Cells respond to external challenges such as viral infection by adjusting gene expression. Viral infection activates the expression of interferon-β (INF-β) via a protein complex, termed the enhanceosome, that forms on the gene's promoter. The interferon enhanceosome recruits two acetyltransferases, PCAF and CBP, that not only acetylate the histone components of nucleosomes but also acetylate the enhanceosome itself. Munshi et al. (see the Perspective by Struhl) report that PCAF acetylation of the enhanceosome protein HMG-I at the Lys71 residue stabilizes the enhancesome and protects it from CBP acetylation. However, acetylation of HMG-I by CBP at Lys65 leads to the dissociation of the enhanceosome from the DNA molecule. Therefore, the enhanceosome is a dynamic complex that is acted upon by competing acetylations to create a switch that turns transcription on or off.

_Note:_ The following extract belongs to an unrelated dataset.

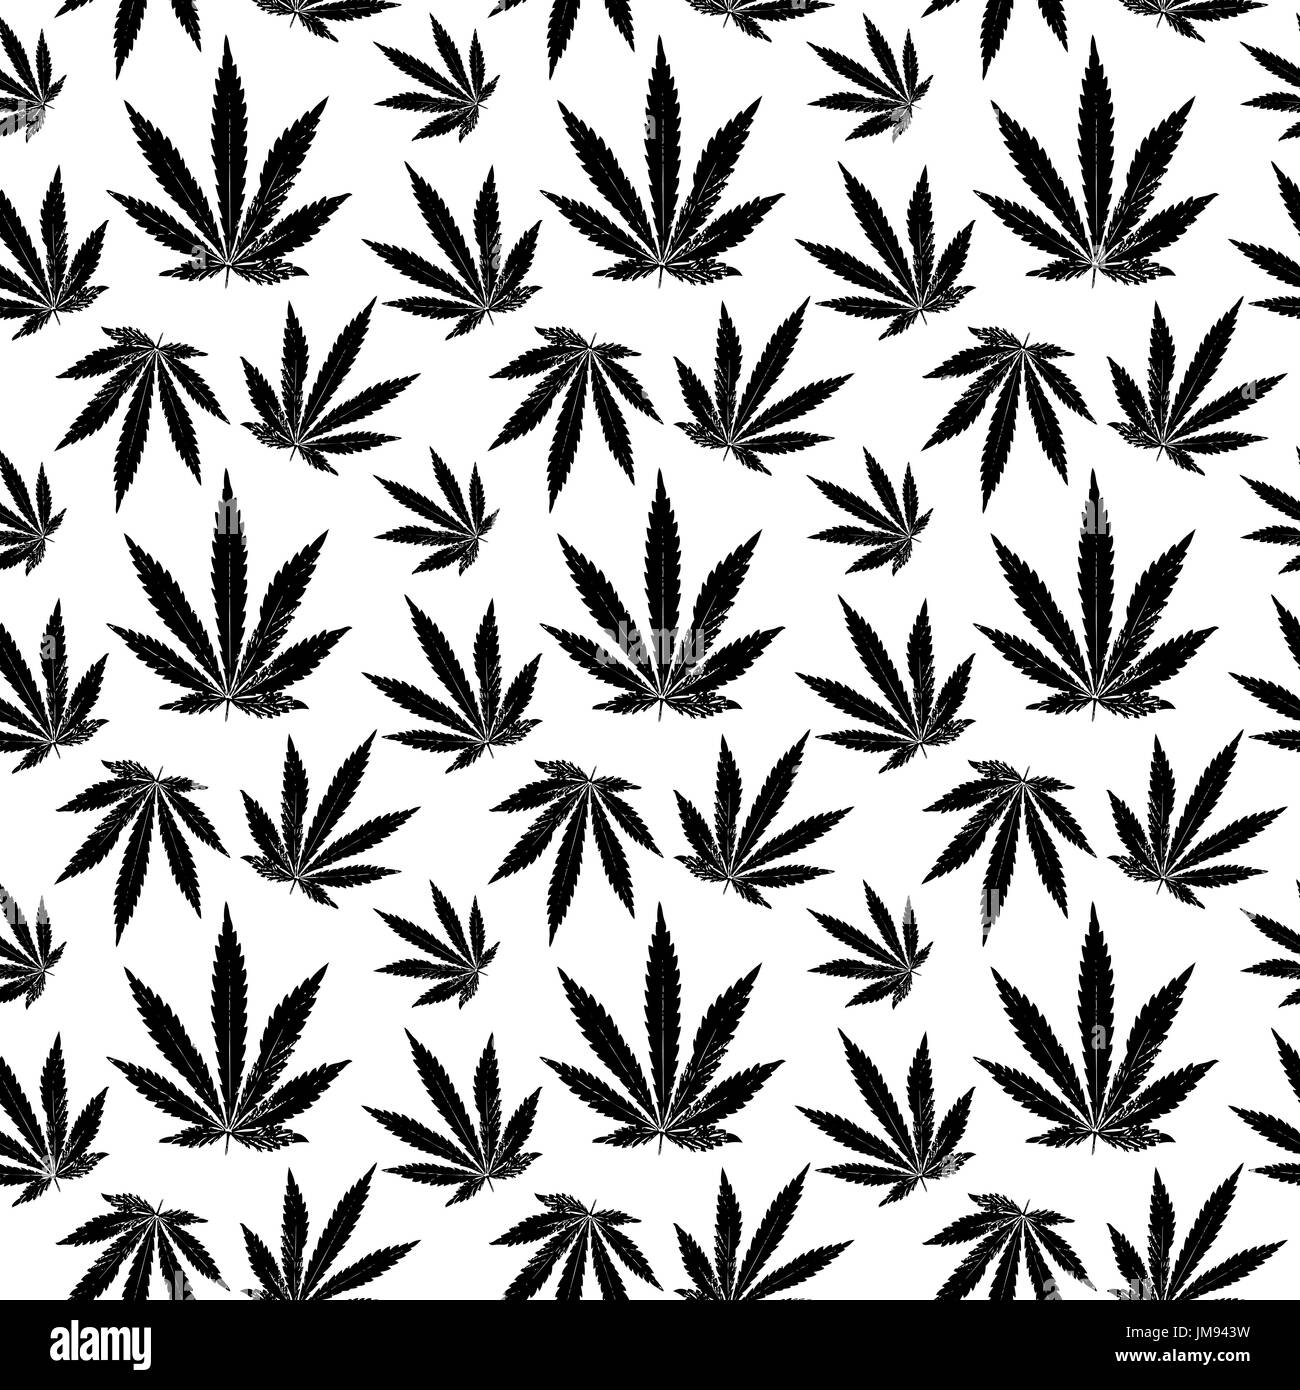 Profil de transparente vecteur feuilles de cannabis. motif transparente à partir des feuilles de cannabis Illustration de Vecteur

N. Munshi, T. Agalioti, S. Lomvardas, M. Merika, G. Chen, D. Thanos, Coordination of a transcriptional switch by HMGI(Y) acetylation. Science 293, 1133-1136 (2001). [Abstract] [Full Text]

K. Struhl, A paradigm for precision. Science 293, 1054-1055 (2001). [Full Text]

Citation: Acetylation Flips the Transcription Switch. Sci. STKE 2001, tw7 (2001).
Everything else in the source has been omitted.